Ajuda do governo para setor
Uma das reclamações dos empresários é que, com a estagnação, o governo deveria ser mais proativo em relação ao setor.
"A gente precisa que governo federal e estados olhem para nós. Entendo que eles tenham diversas prioridades, mas precisamos de medidas agora, não podemos esperar. Se você deixar o setor de eventos morrer, vai dar ruim para todo mundo: hotelaria, centro te convenções, transporte executivo, tudo", declarou Facuri, da Abeoc.
No Rio de Janeiro, a Apresenta Rio (Associação dos Promotores de Eventos do Setor de Entretenimento e Afins do Estado) divulgou uma carta aberta aos governos federal, estadual e municipais com dez medidas para ajudar na crise.

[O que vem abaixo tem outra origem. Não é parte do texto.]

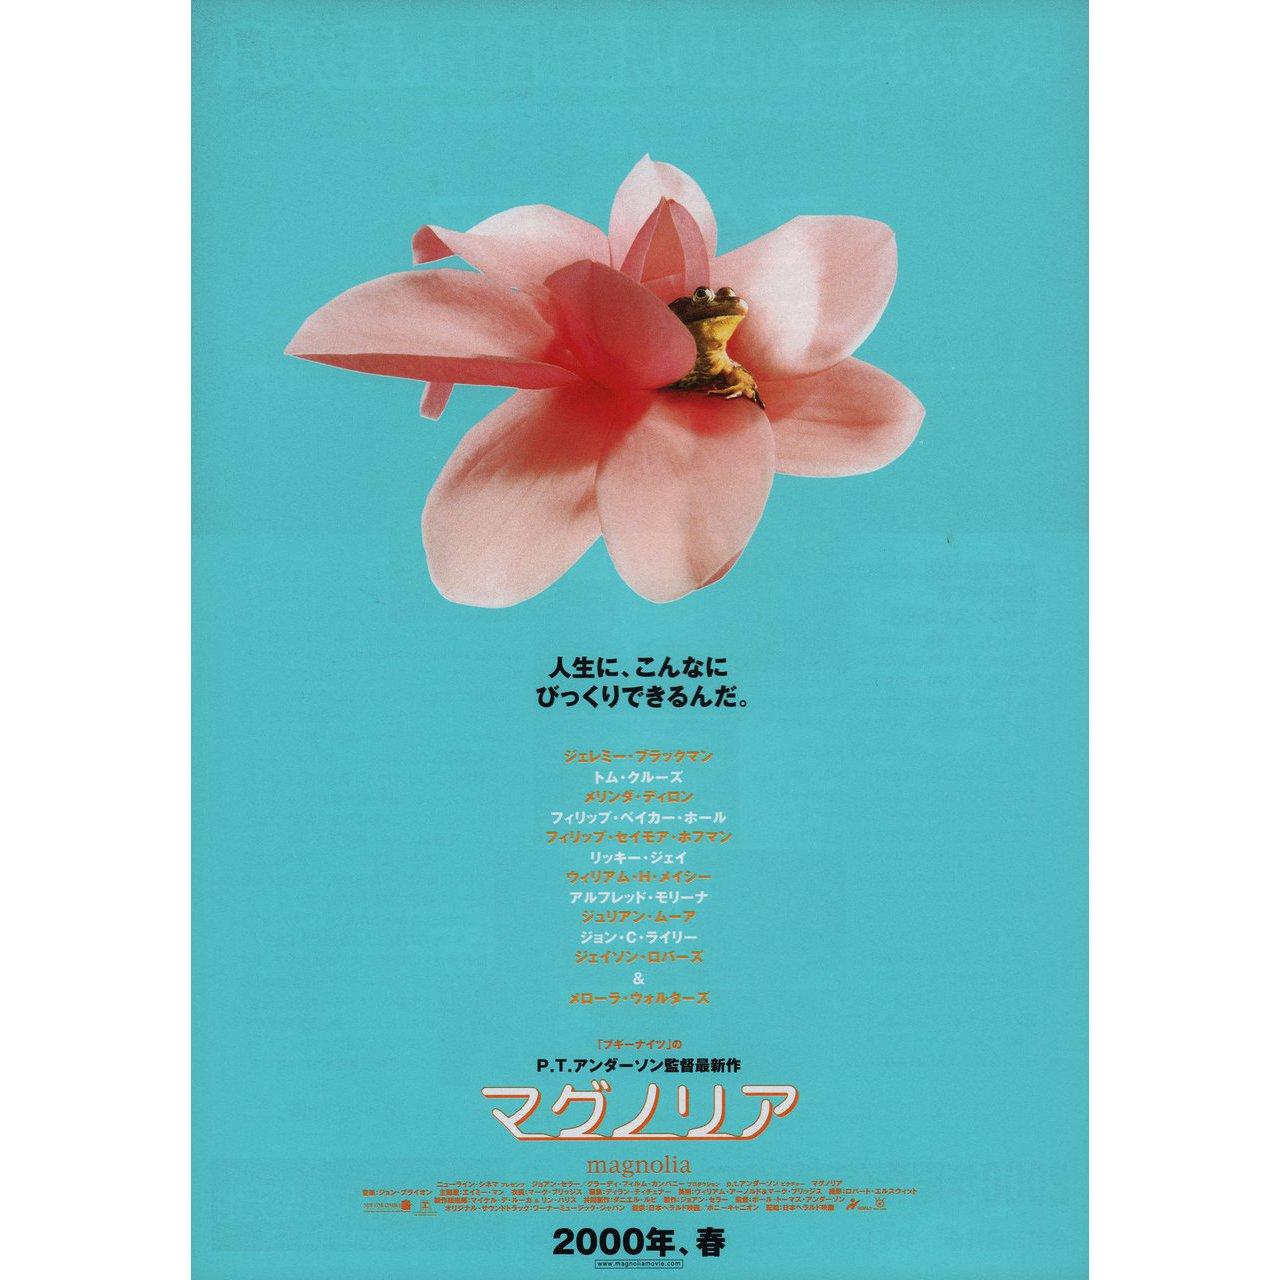 Original 1999 Japanese B5 chirashi flyer for the film “Magnolia” directed by Paul Thomas Anderson with Julianne Moore / William H. Macy / John C. Reilly / Tom Cruise. Fine condition, rolled. Please note: the size is stated in inches and the actual

Entre elas, estão acesso imediato a linhas de crédito específicas, instituição de um regime de tributação diferenciado temporário e desoneração da folha de pagamento para os empregadores com isenção do recolhimento de INSS e FGTS pelos próximos 180 dias.
O UOL procurou o Ministério da Economia para saber se será lançada alguma medida específica para o setor, mas não teve resposta.